**Assigned task:**
Where the line with "大阪でおすすめの探偵事務所・興信所8社を徹底比較" appears in the records below, start there and transcribe each line exactly through the last.

**Data records:**
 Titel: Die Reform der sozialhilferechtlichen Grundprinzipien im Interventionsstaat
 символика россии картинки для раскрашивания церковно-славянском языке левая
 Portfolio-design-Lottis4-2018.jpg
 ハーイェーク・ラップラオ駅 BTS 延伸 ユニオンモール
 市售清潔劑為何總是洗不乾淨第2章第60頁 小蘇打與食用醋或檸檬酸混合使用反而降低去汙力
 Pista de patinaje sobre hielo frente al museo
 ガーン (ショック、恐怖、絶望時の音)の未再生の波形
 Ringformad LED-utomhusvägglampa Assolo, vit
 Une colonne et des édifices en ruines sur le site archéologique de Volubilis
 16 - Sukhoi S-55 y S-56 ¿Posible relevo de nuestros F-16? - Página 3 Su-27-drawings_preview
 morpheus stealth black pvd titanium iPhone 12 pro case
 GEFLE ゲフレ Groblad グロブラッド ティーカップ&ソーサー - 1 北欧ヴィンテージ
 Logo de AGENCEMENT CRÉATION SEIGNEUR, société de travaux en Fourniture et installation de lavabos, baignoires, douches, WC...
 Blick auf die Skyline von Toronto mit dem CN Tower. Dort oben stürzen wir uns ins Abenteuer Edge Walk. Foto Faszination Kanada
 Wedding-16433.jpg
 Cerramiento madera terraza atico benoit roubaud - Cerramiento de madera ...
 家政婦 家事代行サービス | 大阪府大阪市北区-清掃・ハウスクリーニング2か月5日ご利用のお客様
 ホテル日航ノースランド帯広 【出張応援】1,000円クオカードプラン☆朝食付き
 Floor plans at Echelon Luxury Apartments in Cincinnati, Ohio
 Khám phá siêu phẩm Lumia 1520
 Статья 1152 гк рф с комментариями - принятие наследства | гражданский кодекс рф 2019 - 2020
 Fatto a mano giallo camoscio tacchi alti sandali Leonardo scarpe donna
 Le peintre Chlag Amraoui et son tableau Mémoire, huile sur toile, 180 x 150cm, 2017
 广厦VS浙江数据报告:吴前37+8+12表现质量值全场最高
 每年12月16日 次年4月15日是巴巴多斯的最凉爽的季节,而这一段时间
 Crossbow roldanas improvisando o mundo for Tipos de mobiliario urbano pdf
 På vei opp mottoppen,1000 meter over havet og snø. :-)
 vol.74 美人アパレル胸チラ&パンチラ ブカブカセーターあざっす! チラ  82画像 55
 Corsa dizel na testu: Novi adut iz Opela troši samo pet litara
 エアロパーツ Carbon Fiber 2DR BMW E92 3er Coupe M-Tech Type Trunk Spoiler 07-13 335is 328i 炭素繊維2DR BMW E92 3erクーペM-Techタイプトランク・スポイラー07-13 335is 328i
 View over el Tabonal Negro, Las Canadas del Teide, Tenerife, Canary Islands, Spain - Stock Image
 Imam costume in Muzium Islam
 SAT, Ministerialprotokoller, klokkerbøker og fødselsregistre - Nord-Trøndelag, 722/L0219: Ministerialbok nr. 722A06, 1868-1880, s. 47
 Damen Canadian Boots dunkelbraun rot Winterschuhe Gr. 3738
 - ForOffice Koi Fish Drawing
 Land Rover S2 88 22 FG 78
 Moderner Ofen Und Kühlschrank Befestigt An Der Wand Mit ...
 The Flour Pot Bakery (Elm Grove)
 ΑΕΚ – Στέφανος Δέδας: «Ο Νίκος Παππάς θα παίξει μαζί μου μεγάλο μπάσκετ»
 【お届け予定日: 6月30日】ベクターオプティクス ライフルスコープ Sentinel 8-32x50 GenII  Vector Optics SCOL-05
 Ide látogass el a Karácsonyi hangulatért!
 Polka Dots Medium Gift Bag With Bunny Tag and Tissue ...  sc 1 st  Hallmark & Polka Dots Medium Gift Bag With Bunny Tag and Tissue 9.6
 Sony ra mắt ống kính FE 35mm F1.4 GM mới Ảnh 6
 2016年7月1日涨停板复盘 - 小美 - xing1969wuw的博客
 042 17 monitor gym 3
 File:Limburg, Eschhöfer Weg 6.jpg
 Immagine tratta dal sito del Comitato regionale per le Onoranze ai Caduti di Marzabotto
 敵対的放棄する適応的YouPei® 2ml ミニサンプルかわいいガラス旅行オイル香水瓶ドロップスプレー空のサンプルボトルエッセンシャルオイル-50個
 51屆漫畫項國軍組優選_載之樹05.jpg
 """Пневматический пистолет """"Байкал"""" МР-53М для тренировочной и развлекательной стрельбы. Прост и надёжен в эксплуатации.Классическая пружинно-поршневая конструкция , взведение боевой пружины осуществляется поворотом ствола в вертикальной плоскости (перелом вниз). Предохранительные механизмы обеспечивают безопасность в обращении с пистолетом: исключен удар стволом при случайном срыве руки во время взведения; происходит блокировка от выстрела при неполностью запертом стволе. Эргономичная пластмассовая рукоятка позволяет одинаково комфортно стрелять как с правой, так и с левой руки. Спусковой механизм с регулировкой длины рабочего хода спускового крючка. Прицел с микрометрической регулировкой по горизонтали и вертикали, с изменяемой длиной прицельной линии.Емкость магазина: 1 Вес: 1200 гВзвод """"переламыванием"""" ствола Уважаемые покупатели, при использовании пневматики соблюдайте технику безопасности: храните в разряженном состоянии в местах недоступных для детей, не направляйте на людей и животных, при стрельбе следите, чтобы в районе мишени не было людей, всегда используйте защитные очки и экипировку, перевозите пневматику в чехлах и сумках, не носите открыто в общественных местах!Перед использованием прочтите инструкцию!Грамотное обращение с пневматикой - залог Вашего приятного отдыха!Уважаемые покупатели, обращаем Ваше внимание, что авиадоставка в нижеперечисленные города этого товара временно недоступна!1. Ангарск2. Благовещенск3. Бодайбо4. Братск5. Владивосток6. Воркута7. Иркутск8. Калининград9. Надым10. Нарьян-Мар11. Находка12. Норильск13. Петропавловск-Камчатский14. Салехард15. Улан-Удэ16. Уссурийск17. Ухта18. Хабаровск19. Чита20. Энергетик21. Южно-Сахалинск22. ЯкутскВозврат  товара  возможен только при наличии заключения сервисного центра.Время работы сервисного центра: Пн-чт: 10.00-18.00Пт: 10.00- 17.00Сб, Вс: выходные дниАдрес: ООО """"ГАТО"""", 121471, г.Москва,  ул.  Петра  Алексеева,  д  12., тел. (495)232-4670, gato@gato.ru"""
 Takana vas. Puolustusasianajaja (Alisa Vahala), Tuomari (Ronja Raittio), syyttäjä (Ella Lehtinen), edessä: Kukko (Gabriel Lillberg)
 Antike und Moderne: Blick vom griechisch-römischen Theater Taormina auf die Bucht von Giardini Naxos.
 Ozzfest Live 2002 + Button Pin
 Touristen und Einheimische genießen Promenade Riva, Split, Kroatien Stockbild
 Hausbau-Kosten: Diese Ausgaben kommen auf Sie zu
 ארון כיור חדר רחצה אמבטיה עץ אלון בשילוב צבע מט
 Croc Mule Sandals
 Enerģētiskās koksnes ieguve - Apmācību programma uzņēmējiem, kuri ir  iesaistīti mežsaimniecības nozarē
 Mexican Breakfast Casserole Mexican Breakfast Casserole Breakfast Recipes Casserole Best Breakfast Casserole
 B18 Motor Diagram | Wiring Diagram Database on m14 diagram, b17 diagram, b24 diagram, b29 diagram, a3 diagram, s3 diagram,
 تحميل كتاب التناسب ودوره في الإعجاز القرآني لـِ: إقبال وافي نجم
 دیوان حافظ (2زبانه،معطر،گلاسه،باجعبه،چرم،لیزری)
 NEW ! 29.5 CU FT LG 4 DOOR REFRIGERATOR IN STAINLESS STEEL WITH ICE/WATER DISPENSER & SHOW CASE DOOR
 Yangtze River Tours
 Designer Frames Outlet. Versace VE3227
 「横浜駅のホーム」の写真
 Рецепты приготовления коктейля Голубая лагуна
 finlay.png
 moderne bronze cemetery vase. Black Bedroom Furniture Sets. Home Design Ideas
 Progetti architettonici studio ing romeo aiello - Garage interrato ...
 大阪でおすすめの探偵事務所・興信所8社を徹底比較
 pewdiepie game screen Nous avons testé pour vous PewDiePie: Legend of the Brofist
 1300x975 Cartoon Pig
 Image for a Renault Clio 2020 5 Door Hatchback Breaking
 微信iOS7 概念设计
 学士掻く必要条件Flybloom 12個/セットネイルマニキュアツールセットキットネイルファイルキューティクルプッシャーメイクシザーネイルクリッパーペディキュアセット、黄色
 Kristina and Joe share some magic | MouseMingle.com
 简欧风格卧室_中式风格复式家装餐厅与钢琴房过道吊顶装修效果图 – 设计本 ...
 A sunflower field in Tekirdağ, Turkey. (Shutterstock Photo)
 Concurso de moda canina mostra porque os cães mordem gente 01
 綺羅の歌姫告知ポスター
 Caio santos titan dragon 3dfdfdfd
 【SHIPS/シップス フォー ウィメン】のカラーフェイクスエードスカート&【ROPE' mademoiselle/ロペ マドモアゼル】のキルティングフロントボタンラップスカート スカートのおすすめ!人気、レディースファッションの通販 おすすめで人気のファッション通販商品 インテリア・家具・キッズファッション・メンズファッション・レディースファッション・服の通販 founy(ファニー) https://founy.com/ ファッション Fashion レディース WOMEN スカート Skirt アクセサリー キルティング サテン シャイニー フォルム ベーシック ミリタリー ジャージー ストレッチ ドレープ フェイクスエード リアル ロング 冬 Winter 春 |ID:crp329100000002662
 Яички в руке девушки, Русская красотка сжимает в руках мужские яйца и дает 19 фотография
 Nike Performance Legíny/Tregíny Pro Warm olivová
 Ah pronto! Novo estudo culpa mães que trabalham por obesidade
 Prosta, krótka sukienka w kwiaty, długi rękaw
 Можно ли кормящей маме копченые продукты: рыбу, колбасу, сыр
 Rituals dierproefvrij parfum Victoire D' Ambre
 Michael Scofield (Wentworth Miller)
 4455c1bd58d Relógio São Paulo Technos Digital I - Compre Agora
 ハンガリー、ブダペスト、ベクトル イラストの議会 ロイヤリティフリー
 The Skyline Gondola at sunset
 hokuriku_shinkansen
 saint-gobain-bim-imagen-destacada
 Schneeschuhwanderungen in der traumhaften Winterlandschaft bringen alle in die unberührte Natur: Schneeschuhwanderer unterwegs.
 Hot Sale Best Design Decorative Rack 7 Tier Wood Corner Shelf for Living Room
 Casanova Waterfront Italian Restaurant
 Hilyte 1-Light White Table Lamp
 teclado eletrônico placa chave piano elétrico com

**Task result:**
 大阪でおすすめの探偵事務所・興信所8社を徹底比較
 pewdiepie game screen Nous avons testé pour vous PewDiePie: Legend of the Brofist
 1300x975 Cartoon Pig
 Image for a Renault Clio 2020 5 Door Hatchback Breaking
 微信iOS7 概念设计
 学士掻く必要条件Flybloom 12個/セットネイルマニキュアツールセットキットネイルファイルキューティクルプッシャーメイクシザーネイルクリッパーペディキュアセット、黄色
 Kristina and Joe share some magic | MouseMingle.com
 简欧风格卧室_中式风格复式家装餐厅与钢琴房过道吊顶装修效果图 – 设计本 ...
 A sunflower field in Tekirdağ, Turkey. (Shutterstock Photo)
 Concurso de moda canina mostra porque os cães mordem gente 01
 綺羅の歌姫告知ポスター
 Caio santos titan dragon 3dfdfdfd
 【SHIPS/シップス フォー ウィメン】のカラーフェイクスエードスカート&【ROPE' mademoiselle/ロペ マドモアゼル】のキルティングフロントボタンラップスカート スカートのおすすめ!人気、レディースファッションの通販 おすすめで人気のファッション通販商品 インテリア・家具・キッズファッション・メンズファッション・レディースファッション・服の通販 founy(ファニー) https://founy.com/ ファッション Fashion レディース WOMEN スカート Skirt アクセサリー キルティング サテン シャイニー フォルム ベーシック ミリタリー ジャージー ストレッチ ドレープ フェイクスエード リアル ロング 冬 Winter 春 |ID:crp329100000002662
 Яички в руке девушки, Русская красотка сжимает в руках мужские яйца и дает 19 фотография
 Nike Performance Legíny/Tregíny Pro Warm olivová
 Ah pronto! Novo estudo culpa mães que trabalham por obesidade
 Prosta, krótka sukienka w kwiaty, długi rękaw
 Можно ли кормящей маме копченые продукты: рыбу, колбасу, сыр
 Rituals dierproefvrij parfum Victoire D' Ambre
 Michael Scofield (Wentworth Miller)
 4455c1bd58d Relógio São Paulo Technos Digital I - Compre Agora
 ハンガリー、ブダペスト、ベクトル イラストの議会 ロイヤリティフリー
 The Skyline Gondola at sunset
 hokuriku_shinkansen
 saint-gobain-bim-imagen-destacada
 Schneeschuhwanderungen in der traumhaften Winterlandschaft bringen alle in die unberührte Natur: Schneeschuhwanderer unterwegs.
 Hot Sale Best Design Decorative Rack 7 Tier Wood Corner Shelf for Living Room
 Casanova Waterfront Italian Restaurant
 Hilyte 1-Light White Table Lamp
 teclado eletrônico placa chave piano elétrico com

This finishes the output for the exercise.